What’s behind the rise in the rental market?
When the UK went into lockdown in March, the housing market came to a standstill. Both renting and buying were pretty much out of the questions, with tenants and homeowners staying put until things got back to normal. By the end of May, the market was beginning to open up once more. Suddenly renters and buyers decided they wanted to up sticks and make a move.

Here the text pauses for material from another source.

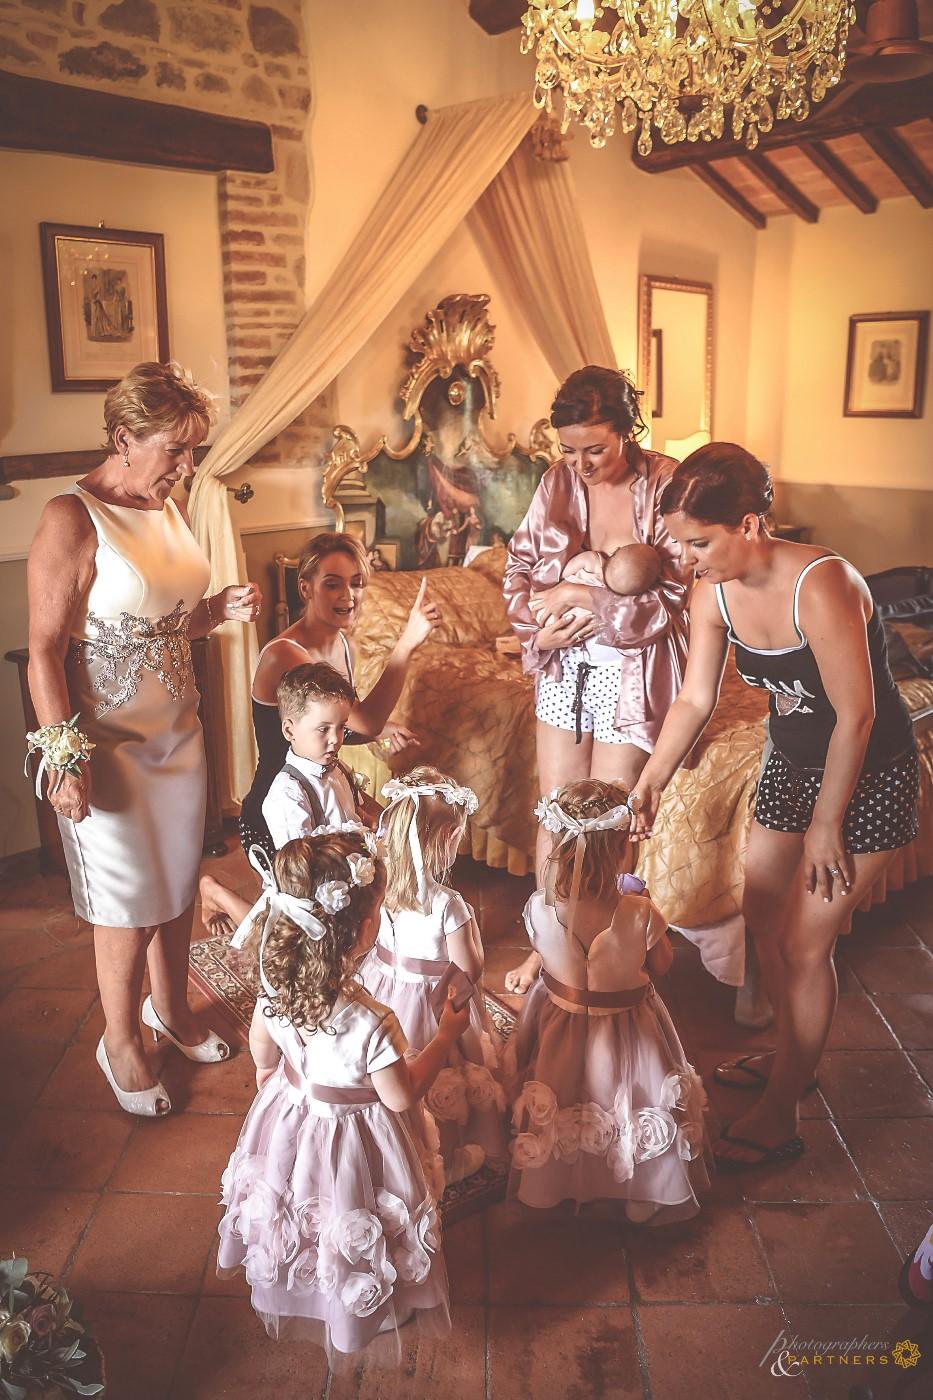 New generation bridesmaids at work 🌸

This caused a surge in demand with millions of people hunting for a new home at once. As @HomesProperty says, “The “lockdown effect” on the housing market has led to property portal Rightmove reporting its busiest day on record on Wednesday May 27, with more than six million visits to its listings, an 18 per cent increase compared to the same Wednesday a year ago.” So what’s behind this rise in the rental market? We decided to find out.
The lockdown effect
During the lockdown, millions of Brits spent more time at home than ever before. This gave a lot of people the chance to think about their properties and decide if their current accommodation still met their needs. For many people, the answer to this was a resounding no. While some decided they needed more space or a garden, others wanted to relocate completely. When the housing market reopened at the end of May, people who had been thinking about a move suddenly had the chance to start their search. This resulted in millions hitting the internet at the same time.
Another lockdown looming
Another reason a lot of people are trying to move now is that many believe another lockdown is looming. Those who want to move to a larger house, or move to another location, want to find a new property and get settled before new restrictions are put in place. This has added a sense of urgency to many house hunts. Tenants are more likely to make snap decisions about a property and move in as soon as possible after finding a home. This is all good news for landlords who are seeing record demand for properties in many corners of the country.
Supply and demand
Since lockdown was introduced, a large number of Brits have been working from home. A lot of companies plan to continue remote working even after lockdown is lifted, giving employees more freedom over where they live. This has led to increased demand for homes in rural and coastal locations. Smaller towns and cities in and around London have also seen a surge in interest, as people look to avoid the premium rents and bijous accommodation of the capital. For landlords with property in these types of locations, the rise in interest is likely to result in increased income, something that is particularly welcome in this uncertain economic climate.